Your task is to write out the complete listing exactly as it is shown.

(RECORDED DATA)

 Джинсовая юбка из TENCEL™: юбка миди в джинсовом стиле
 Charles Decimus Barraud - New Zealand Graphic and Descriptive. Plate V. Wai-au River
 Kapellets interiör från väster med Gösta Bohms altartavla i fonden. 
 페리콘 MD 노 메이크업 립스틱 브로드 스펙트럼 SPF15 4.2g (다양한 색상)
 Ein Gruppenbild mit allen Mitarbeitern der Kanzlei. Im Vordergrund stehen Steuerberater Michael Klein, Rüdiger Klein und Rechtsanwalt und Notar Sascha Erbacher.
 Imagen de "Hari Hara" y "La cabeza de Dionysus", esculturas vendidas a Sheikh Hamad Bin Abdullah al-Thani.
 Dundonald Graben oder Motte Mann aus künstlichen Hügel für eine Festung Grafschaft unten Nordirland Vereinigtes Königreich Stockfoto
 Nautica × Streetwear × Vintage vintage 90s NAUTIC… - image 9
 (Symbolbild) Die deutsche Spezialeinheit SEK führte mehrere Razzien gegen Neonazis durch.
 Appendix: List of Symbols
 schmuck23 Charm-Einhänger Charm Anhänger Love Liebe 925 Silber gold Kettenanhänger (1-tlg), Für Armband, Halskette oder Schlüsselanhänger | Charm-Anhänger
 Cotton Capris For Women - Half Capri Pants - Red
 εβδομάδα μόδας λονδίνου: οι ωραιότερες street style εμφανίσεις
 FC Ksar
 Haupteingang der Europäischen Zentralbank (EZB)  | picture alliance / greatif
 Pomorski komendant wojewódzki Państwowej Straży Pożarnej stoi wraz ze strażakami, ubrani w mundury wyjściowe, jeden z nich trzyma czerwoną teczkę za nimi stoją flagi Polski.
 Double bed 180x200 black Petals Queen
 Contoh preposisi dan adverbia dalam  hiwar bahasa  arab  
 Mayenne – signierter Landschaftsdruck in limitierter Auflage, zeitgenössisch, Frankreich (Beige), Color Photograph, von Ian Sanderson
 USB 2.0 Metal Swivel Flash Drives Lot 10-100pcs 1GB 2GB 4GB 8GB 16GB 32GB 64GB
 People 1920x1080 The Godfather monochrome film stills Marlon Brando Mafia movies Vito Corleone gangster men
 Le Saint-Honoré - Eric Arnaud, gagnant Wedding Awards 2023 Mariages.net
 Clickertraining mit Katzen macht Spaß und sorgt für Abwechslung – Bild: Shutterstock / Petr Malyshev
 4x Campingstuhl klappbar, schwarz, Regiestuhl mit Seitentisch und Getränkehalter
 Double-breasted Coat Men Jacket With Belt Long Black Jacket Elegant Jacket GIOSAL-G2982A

(End RECORDED DATA)

## YOUR SOLUTION:
 Джинсовая юбка из TENCEL™: юбка миди в джинсовом стиле
 Charles Decimus Barraud - New Zealand Graphic and Descriptive. Plate V. Wai-au River
 Kapellets interiör från väster med Gösta Bohms altartavla i fonden. 
 페리콘 MD 노 메이크업 립스틱 브로드 스펙트럼 SPF15 4.2g (다양한 색상)
 Ein Gruppenbild mit allen Mitarbeitern der Kanzlei. Im Vordergrund stehen Steuerberater Michael Klein, Rüdiger Klein und Rechtsanwalt und Notar Sascha Erbacher.
 Imagen de "Hari Hara" y "La cabeza de Dionysus", esculturas vendidas a Sheikh Hamad Bin Abdullah al-Thani.
 Dundonald Graben oder Motte Mann aus künstlichen Hügel für eine Festung Grafschaft unten Nordirland Vereinigtes Königreich Stockfoto
 Nautica × Streetwear × Vintage vintage 90s NAUTIC… - image 9
 (Symbolbild) Die deutsche Spezialeinheit SEK führte mehrere Razzien gegen Neonazis durch.
 Appendix: List of Symbols
 schmuck23 Charm-Einhänger Charm Anhänger Love Liebe 925 Silber gold Kettenanhänger (1-tlg), Für Armband, Halskette oder Schlüsselanhänger | Charm-Anhänger
 Cotton Capris For Women - Half Capri Pants - Red
 εβδομάδα μόδας λονδίνου: οι ωραιότερες street style εμφανίσεις
 FC Ksar
 Haupteingang der Europäischen Zentralbank (EZB)  | picture alliance / greatif
 Pomorski komendant wojewódzki Państwowej Straży Pożarnej stoi wraz ze strażakami, ubrani w mundury wyjściowe, jeden z nich trzyma czerwoną teczkę za nimi stoją flagi Polski.
 Double bed 180x200 black Petals Queen
 Contoh preposisi dan adverbia dalam  hiwar bahasa  arab  
 Mayenne – signierter Landschaftsdruck in limitierter Auflage, zeitgenössisch, Frankreich (Beige), Color Photograph, von Ian Sanderson
 USB 2.0 Metal Swivel Flash Drives Lot 10-100pcs 1GB 2GB 4GB 8GB 16GB 32GB 64GB
 People 1920x1080 The Godfather monochrome film stills Marlon Brando Mafia movies Vito Corleone gangster men
 Le Saint-Honoré - Eric Arnaud, gagnant Wedding Awards 2023 Mariages.net
 Clickertraining mit Katzen macht Spaß und sorgt für Abwechslung – Bild: Shutterstock / Petr Malyshev
 4x Campingstuhl klappbar, schwarz, Regiestuhl mit Seitentisch und Getränkehalter
 Double-breasted Coat Men Jacket With Belt Long Black Jacket Elegant Jacket GIOSAL-G2982A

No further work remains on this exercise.